Ranging from the quirky to the bawdy: Teddington Theatre Club's Double Take, in the studio of the Hampton Hill Playhouse last weekend, illustrated that humour can take many forms.

Here were two plays from diverse parts of the comedy spectrum, each cleverly written in its own way.

A piece of The Theatre of the Absurd, Alas, Poor Fred was described as A Duologue in the Style of Ionesco by its author, the late James Saunders (who lived and wrote locally for The Questors and The Orange Tree theatres).

At one level it is a study of the minutiae of the sterile marriage of Doreen and Ernest Pringle, a middle-aged suburban couple.

As they clash in clichs over the differing details of their recollections of the deceased Fred, Saunders' astute humour dissects their pallid relationship.

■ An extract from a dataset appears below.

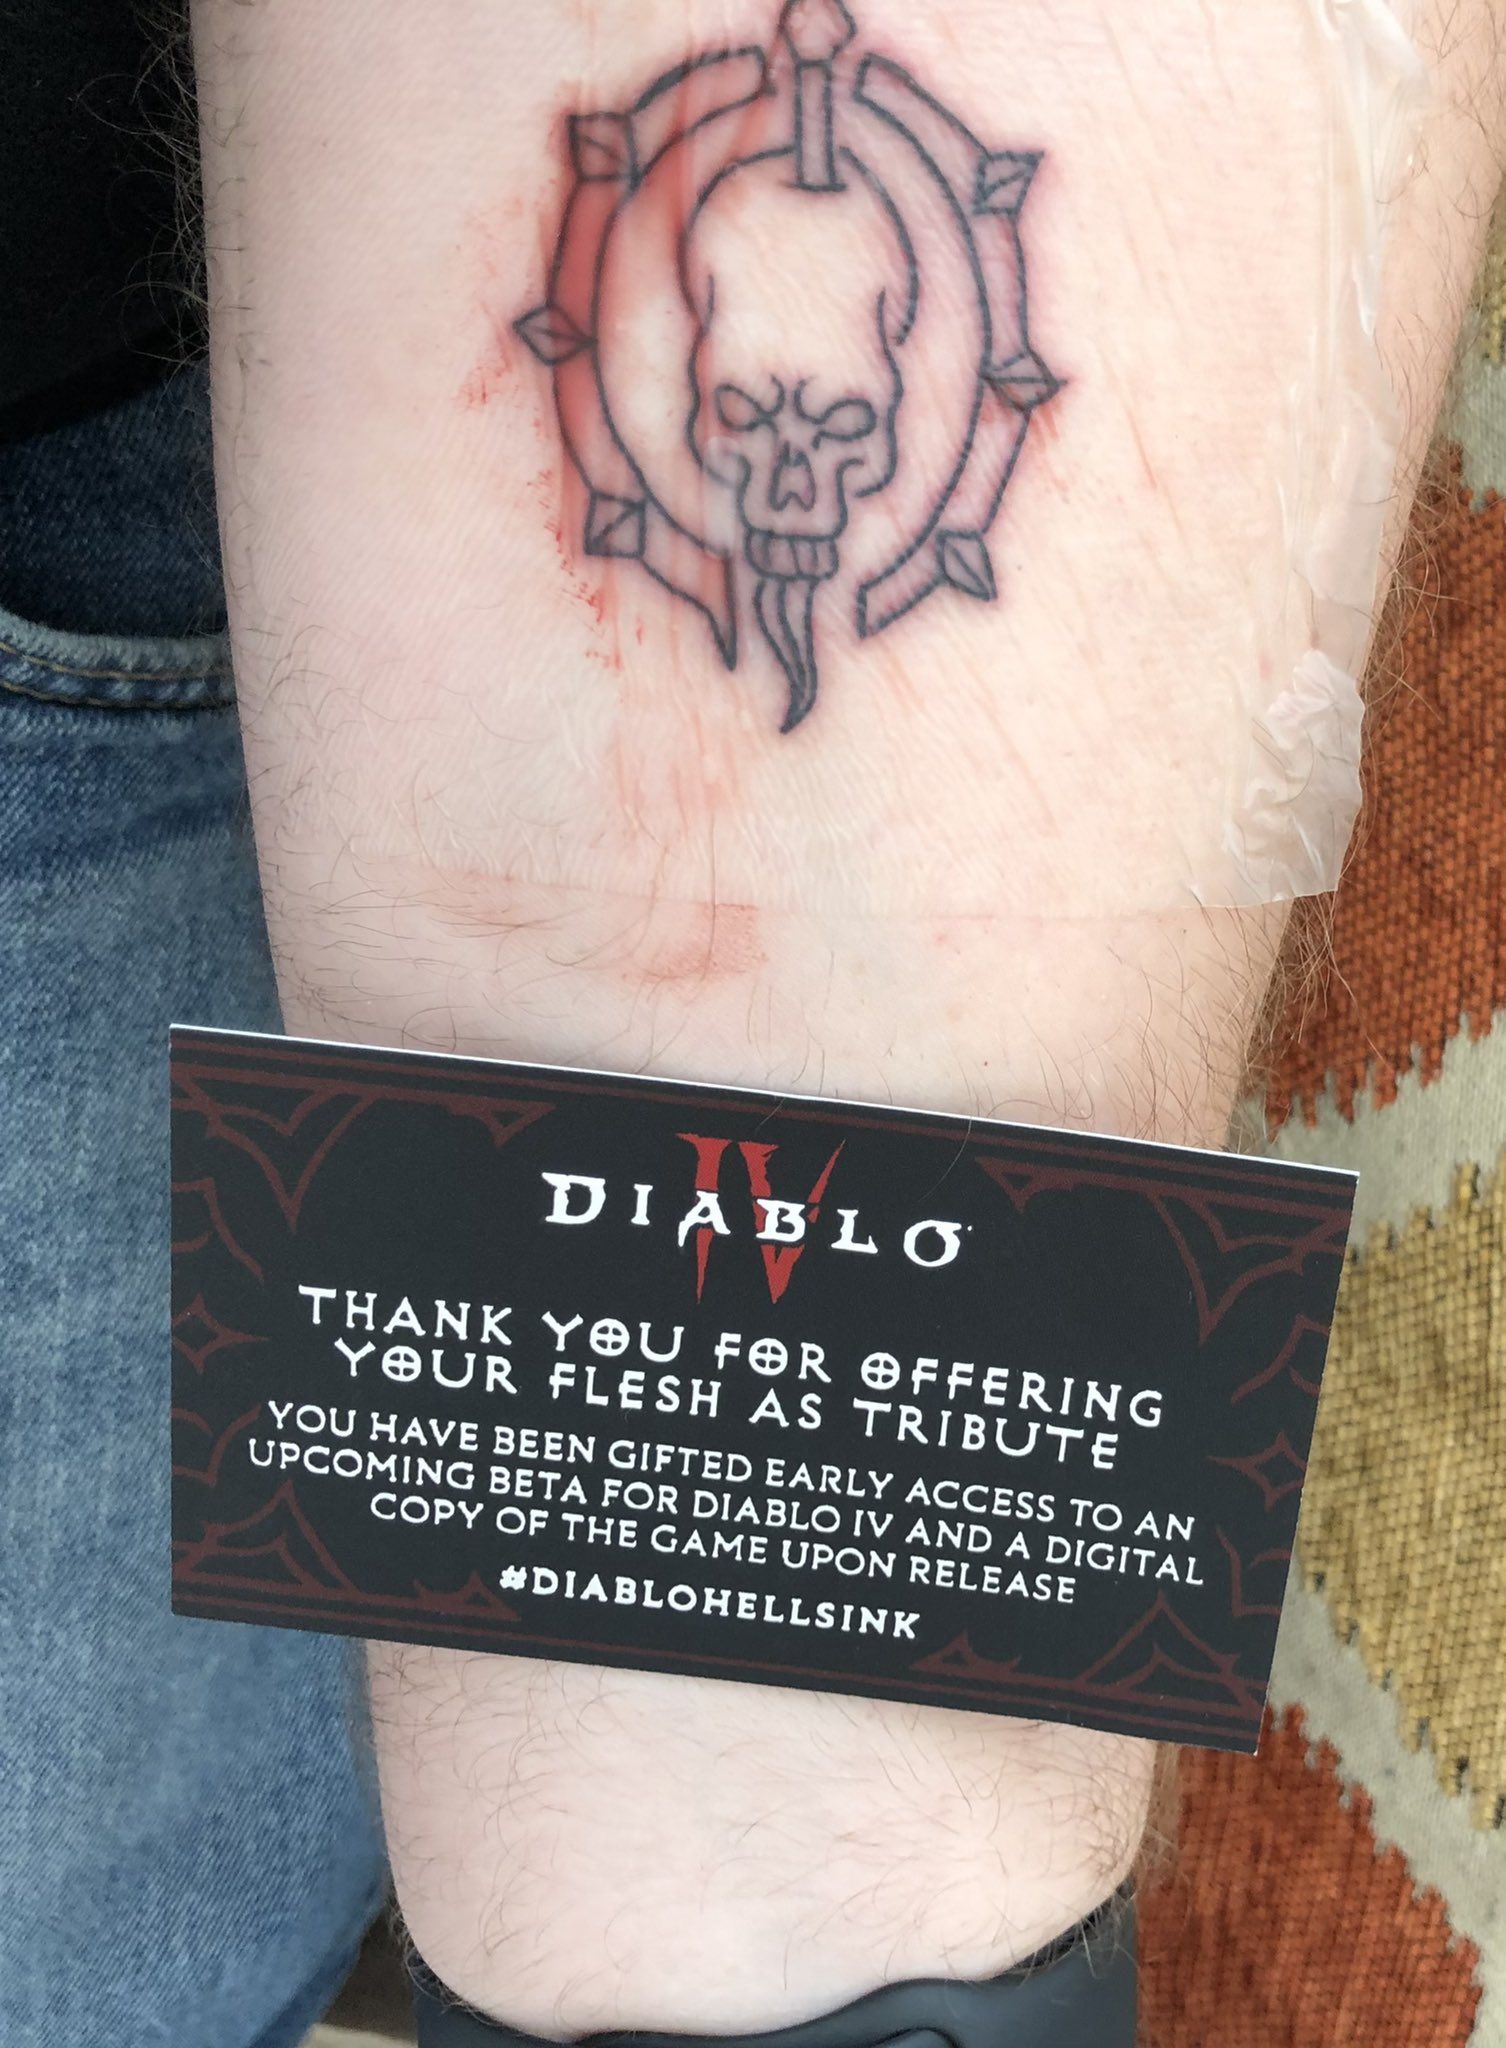 Татуировки. Акция Diablo Hell’s Ink. Источник: imgur.com

Gradually through the surface of their musings, a dark undercurrent bubbles up. We hear Doreen's thoughts, which range from warm sexual fantasies to proto-paranoia about her husband. Fred becomes symbolic (and perhaps he was never more than a symbol) of the bond that tenuously still holds them together.

With the static studio setting of the play, it could have been in danger of dragging were it not for the engaging acting and fine characterisation in both roles. Nick Young showed great skill in his portrayal of the pre-senile Ernest, distracted by the past, absent-minded in the present.

His comic timing was well honed and the details such as the nervous pressing of fingertips enhanced the body language. Merlyn Lowther's interpretation of Doreen was equally well studied, and shrewdly characterised. Visual jokes, such as her continual knitting of a bizarre scarf, came across well, but she was ill served by the use of voiceover for her soliloquising,which would have connected better with the acting as a spoken aside.

Director John Baddeley struggled unsuccessfully with the difficult sight lines in the Noel Coward studio, but nevertheless both the plays pleased the audience in widely different ways.

The second offering, for the delectation of the deltiologist, was Terence Frisby's Seaside Postcard. Frothy as a pint of stout on the pier, it is the art of Donald McGill's saucy postcards cleverly recreated in dramatic form with all its stock characters. So we saw pert cheesecake (Emma Connor),perky beefcake (Max Wilkinson), the old soak (Keith Collins), the(soon-to-be) mother-in-law (Diane Easterbrook), the sexy housewife (Denise Truscott) and the hen-pecked husband (Dave Dadswell). Deliciously non-PC, the energetic cast worked as a well-oiled (so to speak) ensemble, giving their all (so to speak!). With sea, sand, sun and sex, and its mix of schoolboy scatological humour, triple entendres and homespun philosophy, it was as robustly forthright as a pint of whelks, but stacks more fun!